Homélie du 4ème dimanche de carême, 30 mars 2025

Homélie pour la messe du 4ème dimanche de Carême

Dimanche 30 mars 2025

Frères et sœurs,

En ce jour, nous nous retrouvons à l’église pour célébrer tous ensemble ce 4èmeDimanche de carême, qu’on appelle le Dimanche de « Laetare », le Dimanche de la joie. Le chemin de carême touche presque à sa fin. Ce matin, nous prions aussi pour les catéchumènes du diocèse qui arrivent au terme de leur préparation et qui vont célébrer leur 2ème scrutin. Robin, Caroline, Noria, Théo et Dylan, vous allez vivre une étape importante ce matin. Nous allons prier pour que le Seigneur vous donne la grâce et la force d’aller au bout de votre démarche. Vous allez vivre un passage, comme l’aveugle-né qui rencontre Jésus.

Les textes de ce dimanche nous font prendre conscience du passage que nous devons vivre :

Tout d’abord, le passage de l’aveuglement à la lumière.

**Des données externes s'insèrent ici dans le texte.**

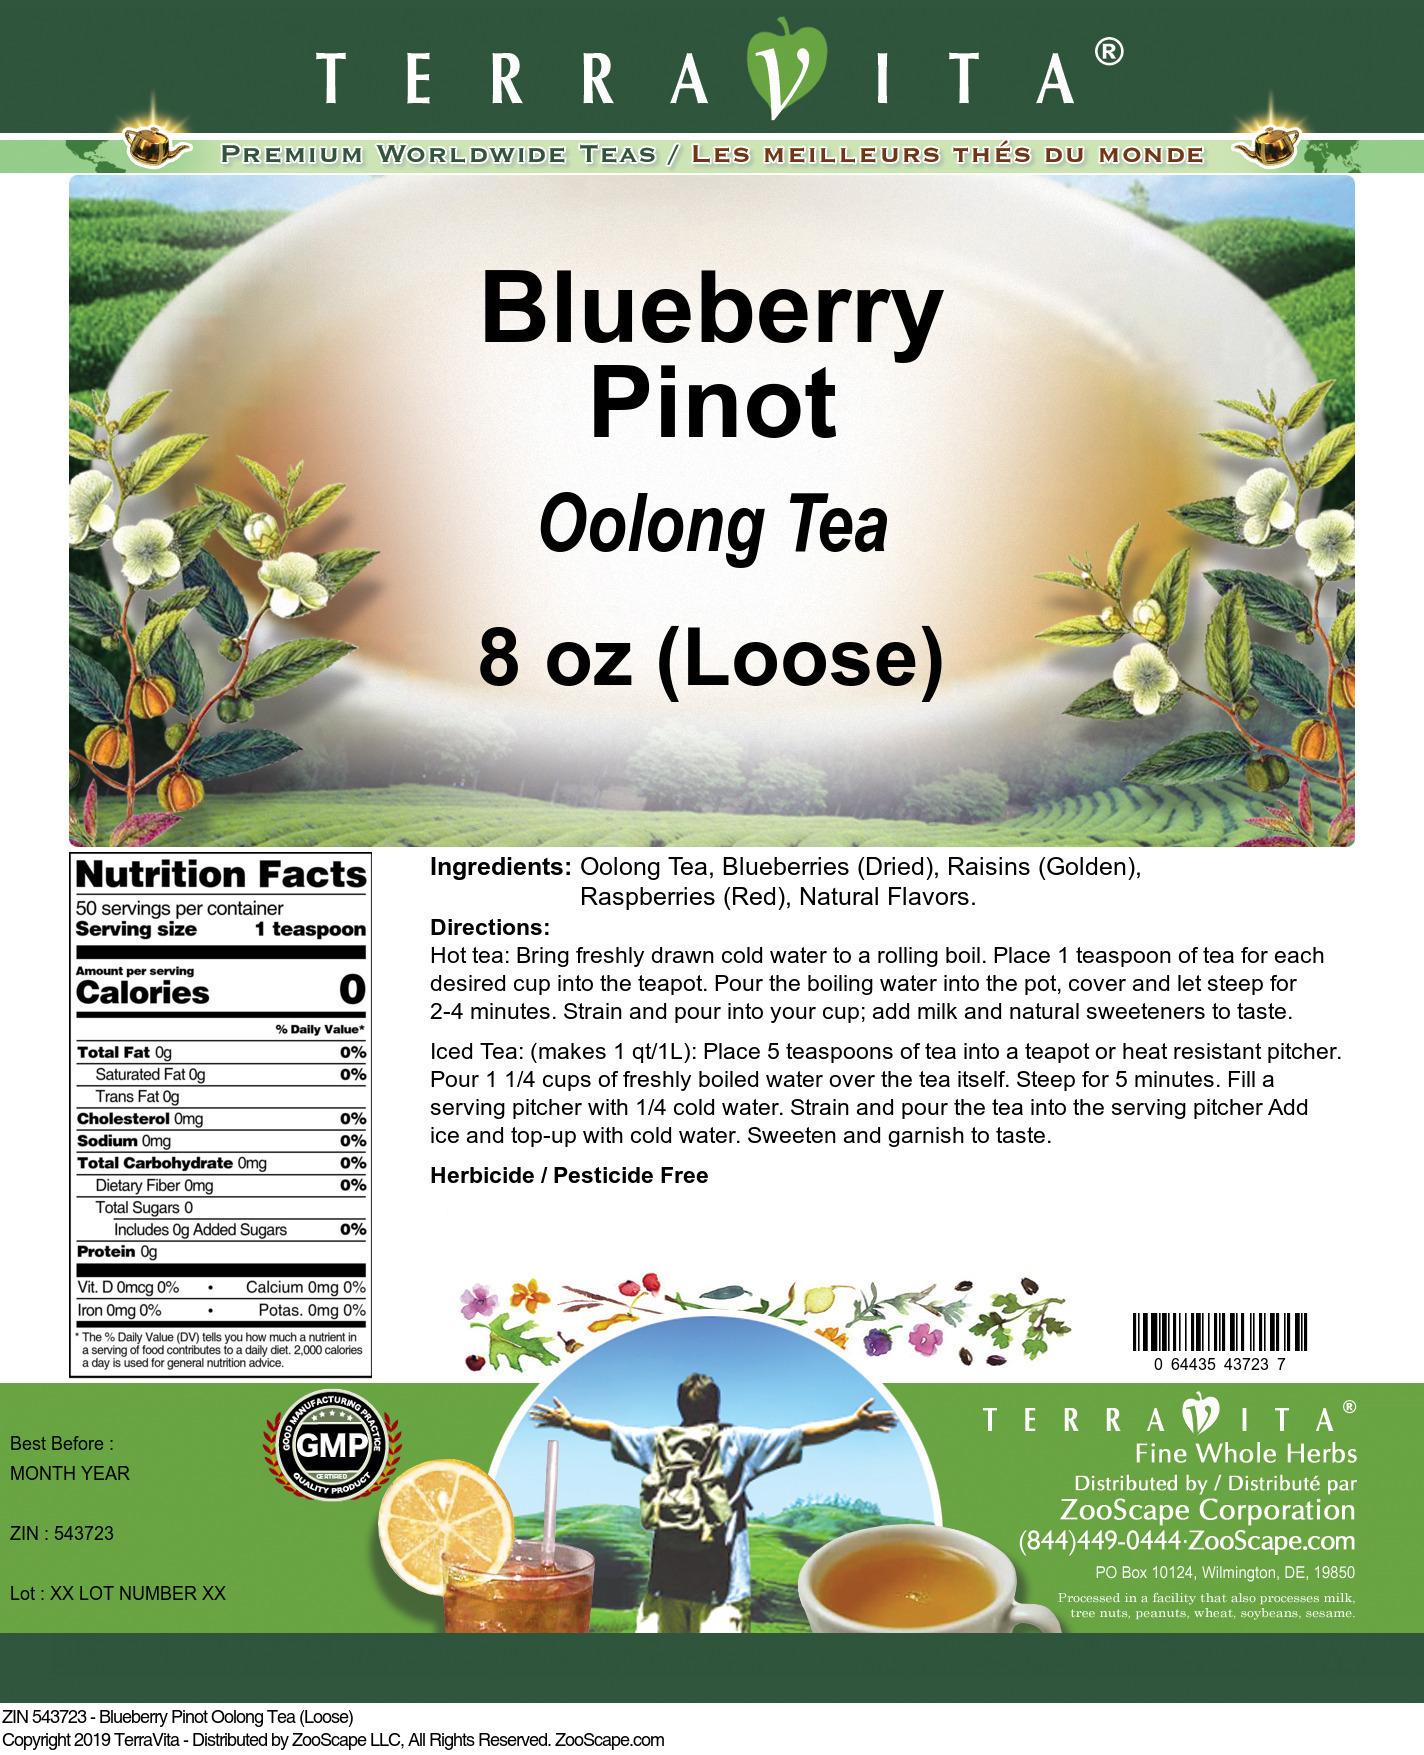 Blueberry Pinot Oolong Tea (Loose)

Dans la première lecture tirée du livre de Samuel, l’appel de David nous introduit dans la rééducation du regard. Samuel est envoyé par le Seigneur auprès de Jessé de Bethléem pour se choisir un roi. David est choisi par le Seigneur. Il n’est ni le plus beau, ni le plus grand, ni le plus fort, ni le plus intelligent des fils de Jessé. David travaille aux champs pour garder le troupeau, et c’est lui que le Seigneur choisi pour en faire un roi. Oui Dieu ne regarde pas l’apparence comme le font les hommes qui bien souvent sont aveuglés.

En ce temps de carême, nous sommes appelés à changer notre regard sur le monde et sur les autres. Dieu vient rééduquer notre regard sur les personnes, sur le monde, la création, notre vie même… C’est le temps pour nous de nous laisser conduire en accueillant en nous-mêmes le regard de Dieu.

Un autre passage à vivre : Il nous faut passer des ténèbres à la lumière.

Saint Paul nous appelle également à vivre un autre passage : celui des ténèbres à la lumière. Le climat ambiant, les sentiments d’échecs et de résignation devant les épreuves et les difficultés à surmonter, pourraient avoir raison de notre désir de vivre. Et pourtant, il nous faut vivre. Cette vie, les chrétiens la puise dans leur foi reçue au jour de leur baptême et de leur confirmation. Saint Paul écrit : « Maintenant dans le Seigneur, vous êtes lumière ; conduisez-vous comme des enfants de lumière. – or la lumière a pour fruit tout ce qui est bonté, justice et vérité. Ne prenez part aucune part aux activités des ténèbres, elles ne produisent rien de bon. »

Là où nous vivons, nous devons vivre dans la lumière. Dans tous les petits gestes du quotidien : dans la vie quotidienne de nos familles, l’écoute et l’éducation des enfants, la gentillesse, l’écoute, la patience, la bienveillance… Dans tous ces petits gestes, nous pouvons être lumière et vivre dans la lumière.

Dans l’antienne de l’Evangile de ce Dimanche, nous lisons cette parole de Jésus : « Moi, je suis la lumière du monde. Celui qui me suit aura la lumière de la vie. » [1]

Gardons-en nous cette parole de Jésus « Moi, je suis la lumière du monde. »

Dans nos moments de découragement, de solitude et d’abattement, « oui Jésus, tu es notre lumière et en ce temps de carême, nous t’invitons dans nos maisons, dans nos cœurs. »

En vivant la prière dans nos maisons, nous sommes comme les abeilles. Saint Padre Pio disait : « Soyez comme les abeilles : elles n’apportent dans leurs ruches que du miel. Que votre maison soit pleine de douceur, de paix, d’harmonie, d’humilité, de ferveur.»

Frères et sœurs, je vous souhaite du fond du cœur, un beau dimanche de la joie, que le Seigneur vous bénisse et fortifie chacun, ainsi que vos familles, dans l’espérance et l’amour.

Que la Vierge Marie, notre Mère du Ciel veille sur chacun de vous.